ELASTICITY-BASED THEORY OF MISFIT-INDUCED STRUCTURAL DEFECTS AT SEMICONDUCTOR INTERFACES

In this paper, we consider the problem of the determination of misfit-induced structural features at the interface of semiconductor heterostructures. We then develop a theory which enables us to investigate these features. This theory is based on the elasticity equations within the range of application of Hooke's law. The main aim of the theory is the determination of the parameter ${\mathit{n}}_{\mathit{s}}$ which defines the superstructure which may stabilize the interface between the host materials constituting the heterostructure. This is done by identifying, in the elasticity equations, the S factor, i.e., S=${\mathit{C}}_{\mathit{i}\mathit{j}}$/\ensuremath{\rho}, as the important parameter which must be considered within an approach which takes account not only of the mismatch of the lattice parameters of the host materials, but also of the difference in elastic-density features.
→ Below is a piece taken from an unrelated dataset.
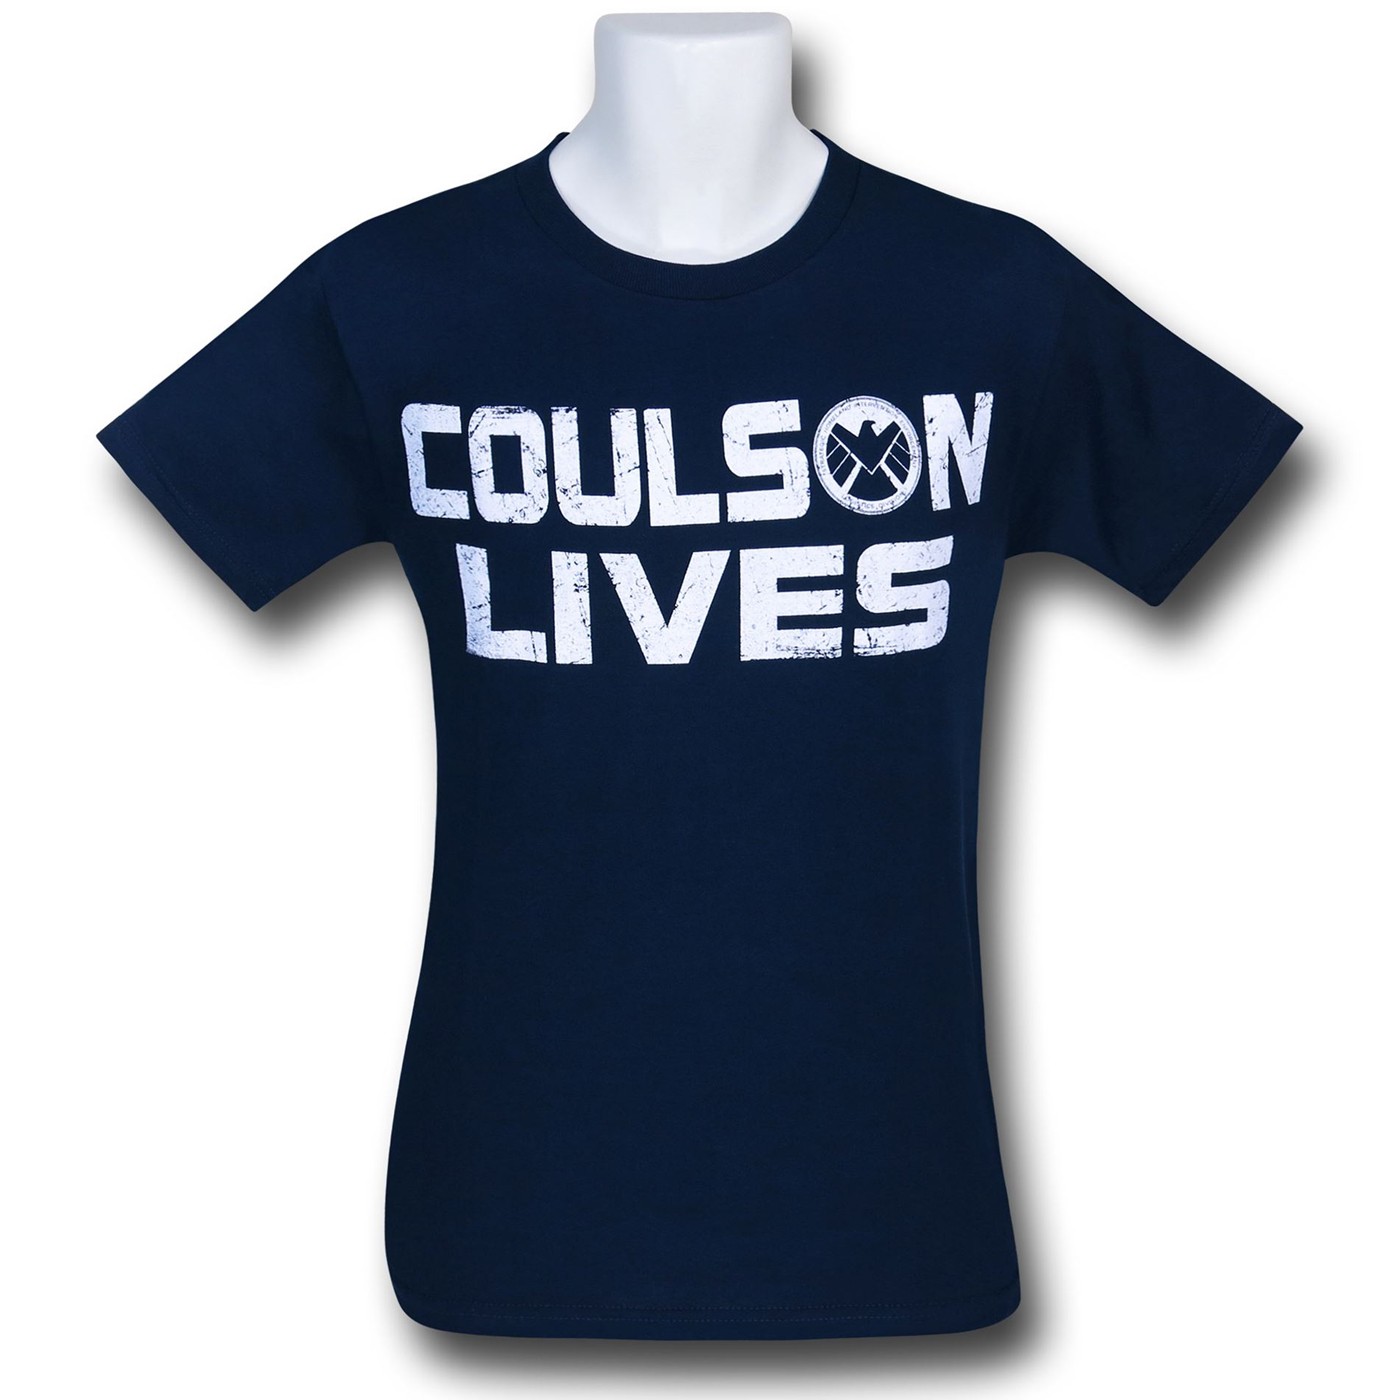 SHIELD Coulson Lives Navy T-Shirt

The periodic sites of the defined super unit cell, induced by the misfit, may be considered as nucleation centers for misfit-dislocations network. Due to the lattice misfit, one must seek an optimized choice of the materials and of the growth conditions. In heterostructures where a large misfit exists, the insertion of a transitional layer aiming to obtain high-quality heterostructures may often be useful. We demonstrate that the present theory may be used to predict the composition of such transitional layers.